[Exercise instructions]
The lines below, from the one holding "This rare historic" through the one holding "possibilities. Built in", are to be restated word for word, with all images left out.

[Data shown]
= = =
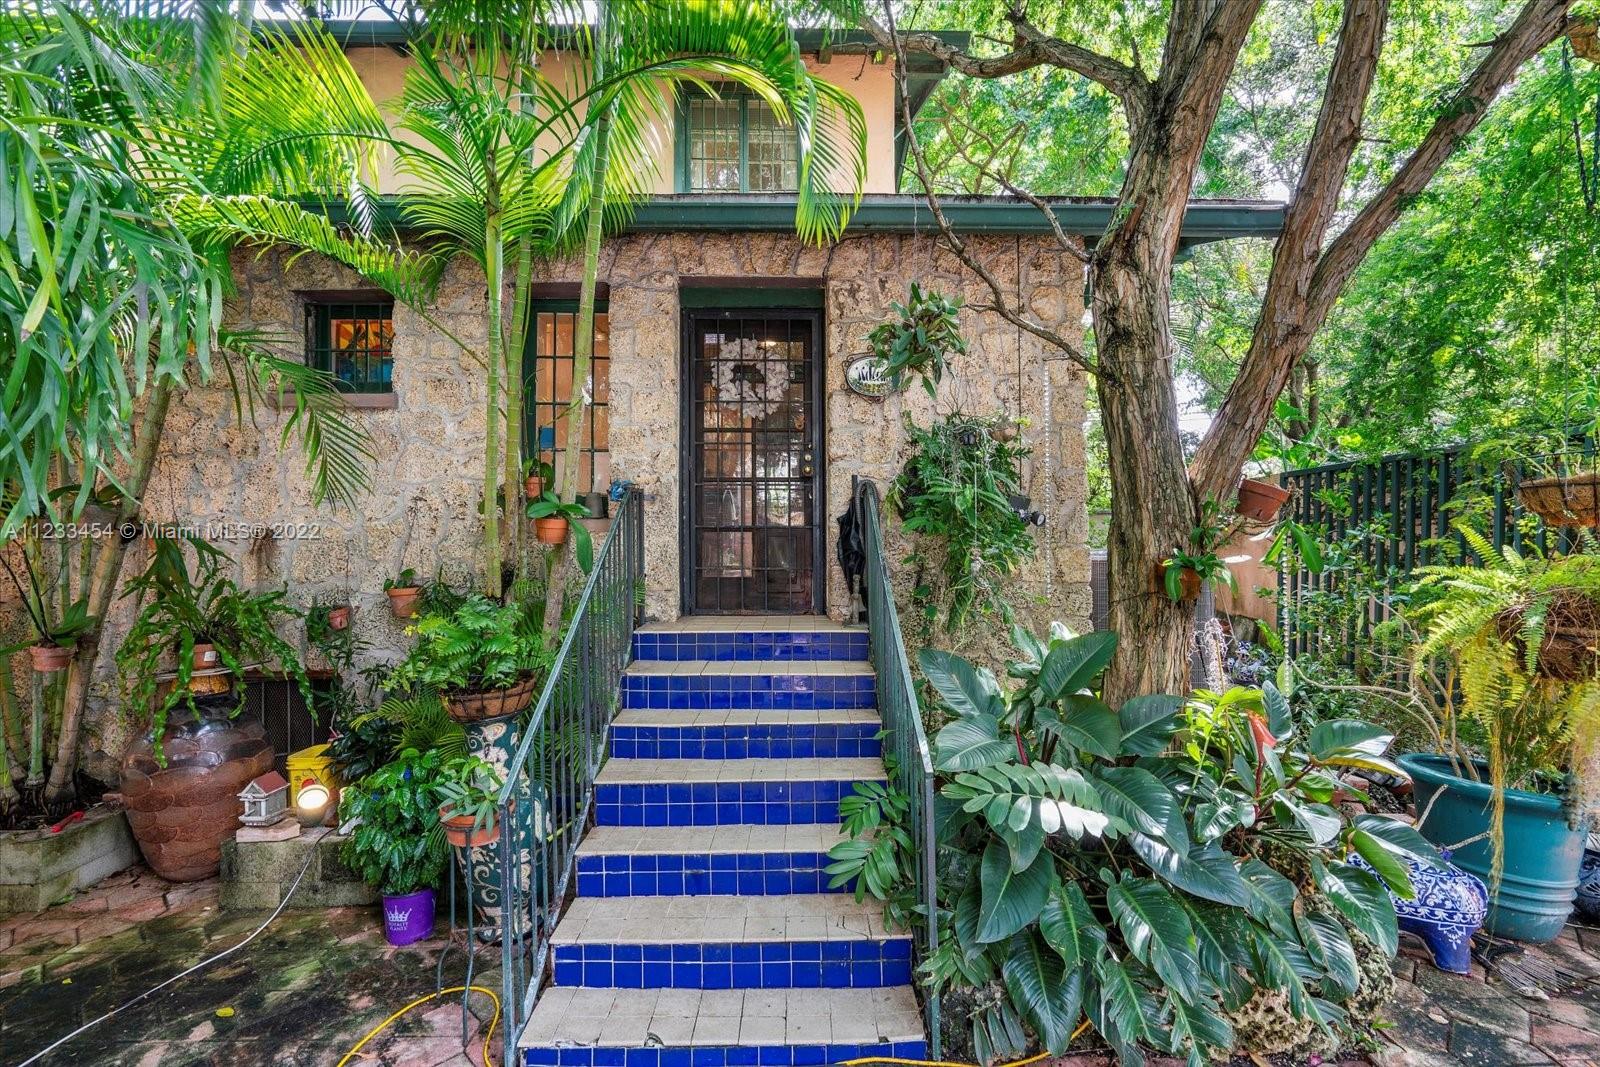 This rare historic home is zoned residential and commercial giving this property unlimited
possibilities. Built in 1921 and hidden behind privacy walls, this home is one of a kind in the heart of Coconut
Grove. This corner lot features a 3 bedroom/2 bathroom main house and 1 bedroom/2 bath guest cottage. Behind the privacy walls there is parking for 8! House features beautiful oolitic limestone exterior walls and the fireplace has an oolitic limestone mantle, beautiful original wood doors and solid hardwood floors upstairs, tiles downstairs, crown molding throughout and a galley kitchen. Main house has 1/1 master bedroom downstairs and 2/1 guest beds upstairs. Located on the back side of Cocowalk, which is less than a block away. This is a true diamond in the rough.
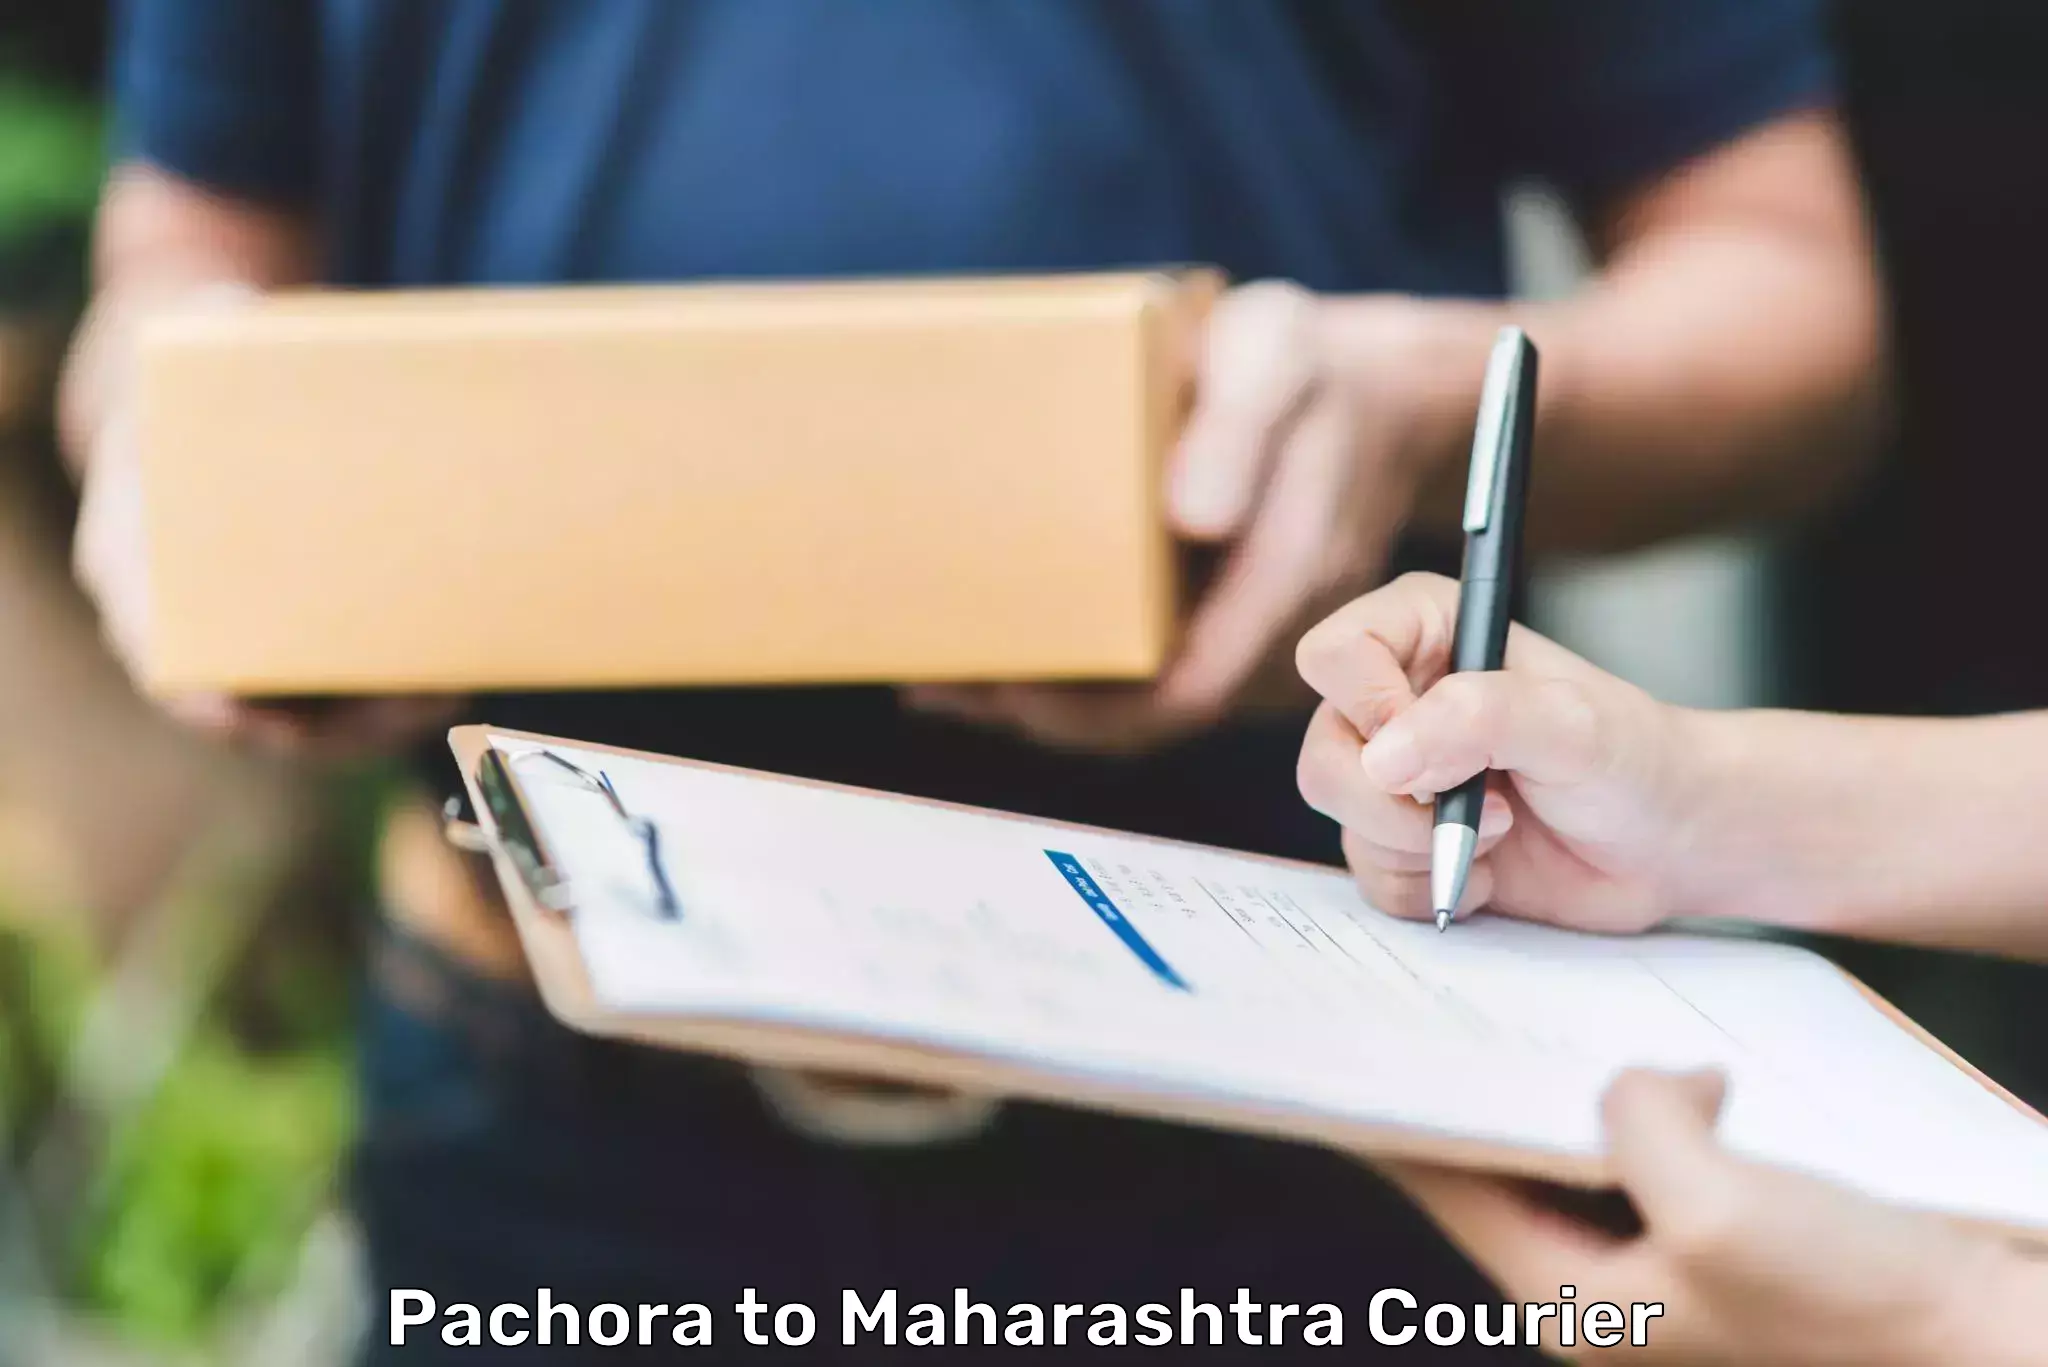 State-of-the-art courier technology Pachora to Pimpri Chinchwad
= = =
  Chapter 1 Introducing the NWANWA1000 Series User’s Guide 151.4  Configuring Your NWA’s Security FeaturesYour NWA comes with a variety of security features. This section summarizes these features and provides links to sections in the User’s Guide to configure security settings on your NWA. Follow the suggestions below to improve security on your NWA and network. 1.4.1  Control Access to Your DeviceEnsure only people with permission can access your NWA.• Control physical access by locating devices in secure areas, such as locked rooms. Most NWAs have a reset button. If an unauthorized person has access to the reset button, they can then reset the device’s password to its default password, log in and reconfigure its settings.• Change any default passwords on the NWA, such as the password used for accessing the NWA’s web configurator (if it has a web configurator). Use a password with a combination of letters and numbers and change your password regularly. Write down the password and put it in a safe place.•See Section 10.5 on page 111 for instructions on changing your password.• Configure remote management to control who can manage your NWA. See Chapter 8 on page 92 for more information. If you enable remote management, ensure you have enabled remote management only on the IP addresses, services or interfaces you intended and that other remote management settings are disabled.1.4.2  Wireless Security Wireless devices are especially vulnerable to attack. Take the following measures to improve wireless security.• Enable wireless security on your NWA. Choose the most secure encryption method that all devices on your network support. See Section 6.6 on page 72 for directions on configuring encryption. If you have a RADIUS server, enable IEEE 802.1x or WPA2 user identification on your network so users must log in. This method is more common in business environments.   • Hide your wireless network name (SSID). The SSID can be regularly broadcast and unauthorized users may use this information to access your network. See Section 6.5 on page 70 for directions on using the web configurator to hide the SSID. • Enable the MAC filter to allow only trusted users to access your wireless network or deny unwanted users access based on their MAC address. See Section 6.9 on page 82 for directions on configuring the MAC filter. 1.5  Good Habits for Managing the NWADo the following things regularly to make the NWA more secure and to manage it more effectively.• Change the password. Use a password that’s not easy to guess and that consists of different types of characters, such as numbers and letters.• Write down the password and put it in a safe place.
= = =
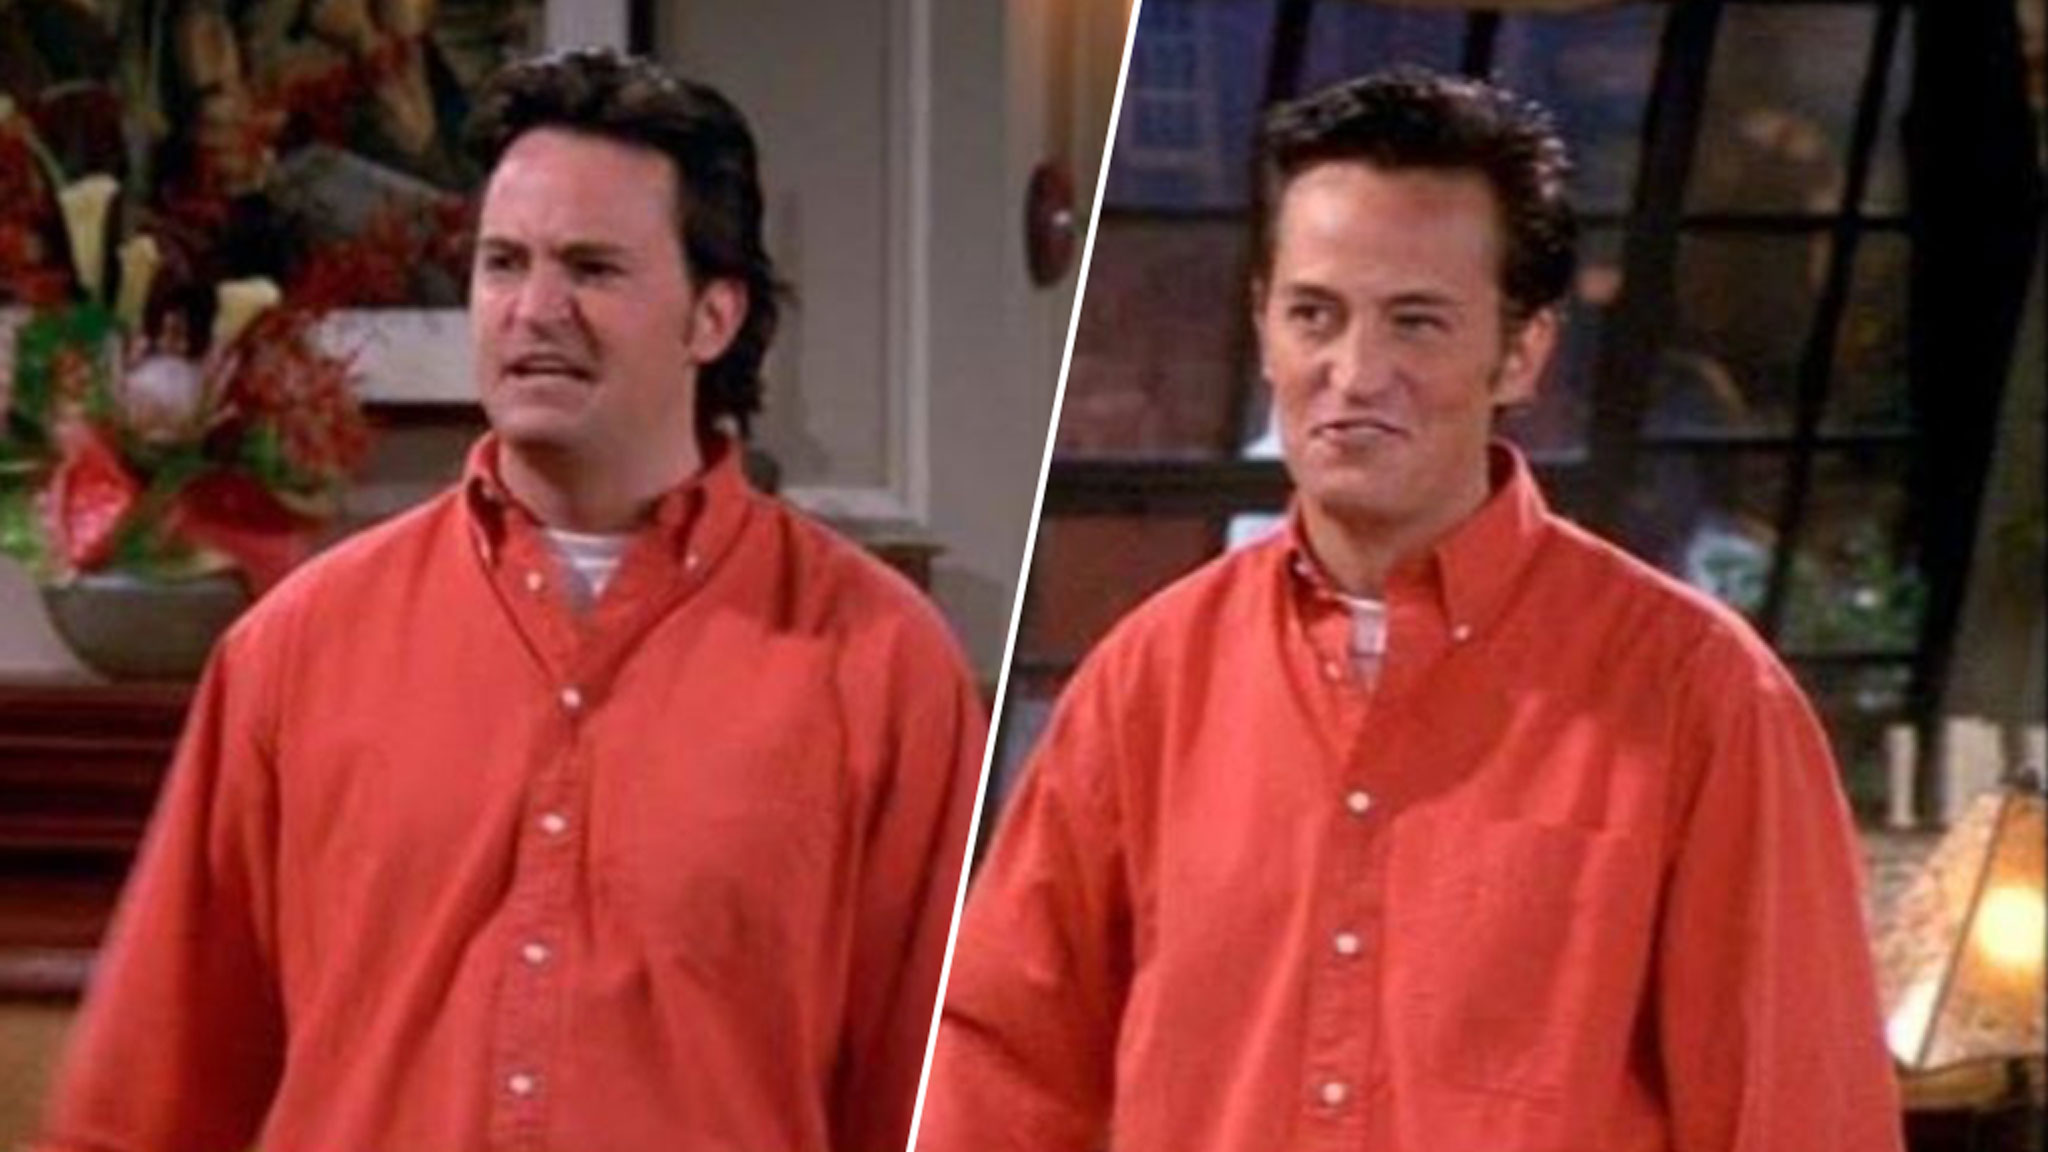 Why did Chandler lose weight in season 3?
= = =
[Exercise output]
 This rare historic home is zoned residential and commercial giving this property unlimited
possibilities. Built in 1921 and hidden behind privacy walls, this home is one of a kind in the heart of Coconut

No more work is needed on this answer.